Воронцов буквально почувствовал, как вздрогнули плечи Радовского.
– Я должен сохранить сына во что бы то ни стало. – Он посмотрел в глаза Воронцову. – Любой ценой. Понимаешь?
– Тогда, Георгий Алексеевич, Алешу действительно лучше отправить в Прудки.
– Алеша, Аня, да родительские могилы на старом сельском кладбище… Больше у меня ничего нет. Родина? Как будто и есть. Но ее и нет. У меня – нет. Потому что кто я здесь? Вот у тебя, Курсант, родина есть. И ты твердо знаешь, кто ты здесь, на своей земле.
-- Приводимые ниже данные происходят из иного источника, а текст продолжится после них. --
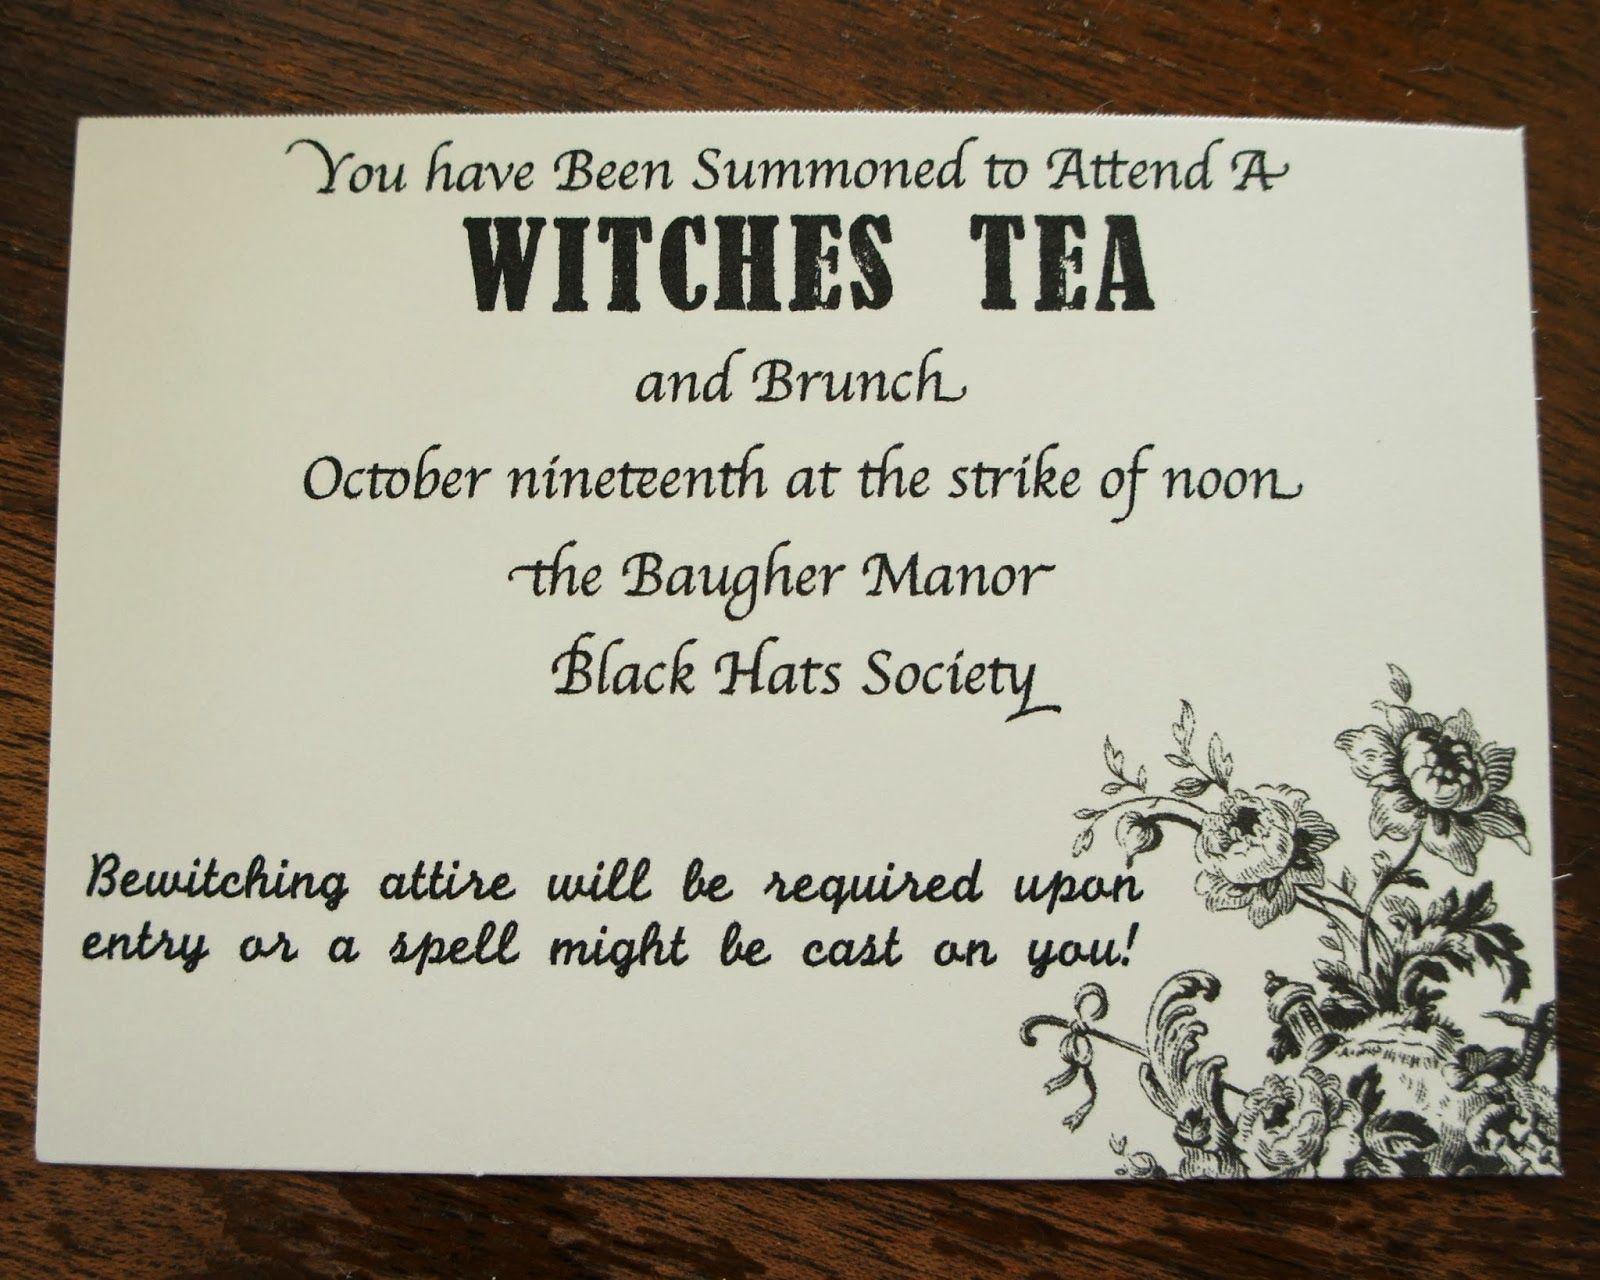 Witches tea party decor and invitation inspiration | Invitation ...

Потому и дрался на фронте – за правое дело. Так ведь? Наше дело правое… Враг будет разбит… Победа будет за нами… Это мощные слова. Они наполнены народным смыслом. В них сила и напряжение всей русской земли. Ни Геббельс, ни Штрикфельд, ни Власов, ни кто-либо из наших, я имею в виду функционеров и идеологов белого дела, так и не смог изречь ничего подобного.
– А скажите, Георгий Алексеевич, в группе Юнкерна есть человек по имени Кличеня?
– Есть. Очень преданный ему сукин сын.
– Из бывших полицейских?
– Да, из подразделения вспомогательной полиции порядка.
– Его узнал Иванок. Во время облавы в Прудках именно Кличеня тащил к транспортам сестру Иванка. Он это видел.
– Что, парень пылает ненавистью?
– Представьте себе, именно он уговорил меня предпринять эту поездку на хутор. И вот… В лесу, на дороге, мы обнаружили противопехотную мину. Поставлена недавно.
– Юнкерну не нужно, чтобы местные ходили по лесу.
– Мы так и поняли. Так что же будем делать?
– Вначале надо отправить в безопасное место Аню с сыном.
– Самое безопасное место – Прудки.
– А если их выдадут Смершу?
– Не выдадут. В Прудках это не принято.
– Что значит, не принято? Там ведь тоже живут советские люди.
– Да, советские. Но Анну Витальевну и Алешу никто не выдаст. Будут жить у Бороницыных. Как беженцы. В Прудках две семьи таких. Одна – из Гомеля, другая откуда-то из-под Минска. Пока никто их не трогает. Даже не поинтересовались, кто они и откуда.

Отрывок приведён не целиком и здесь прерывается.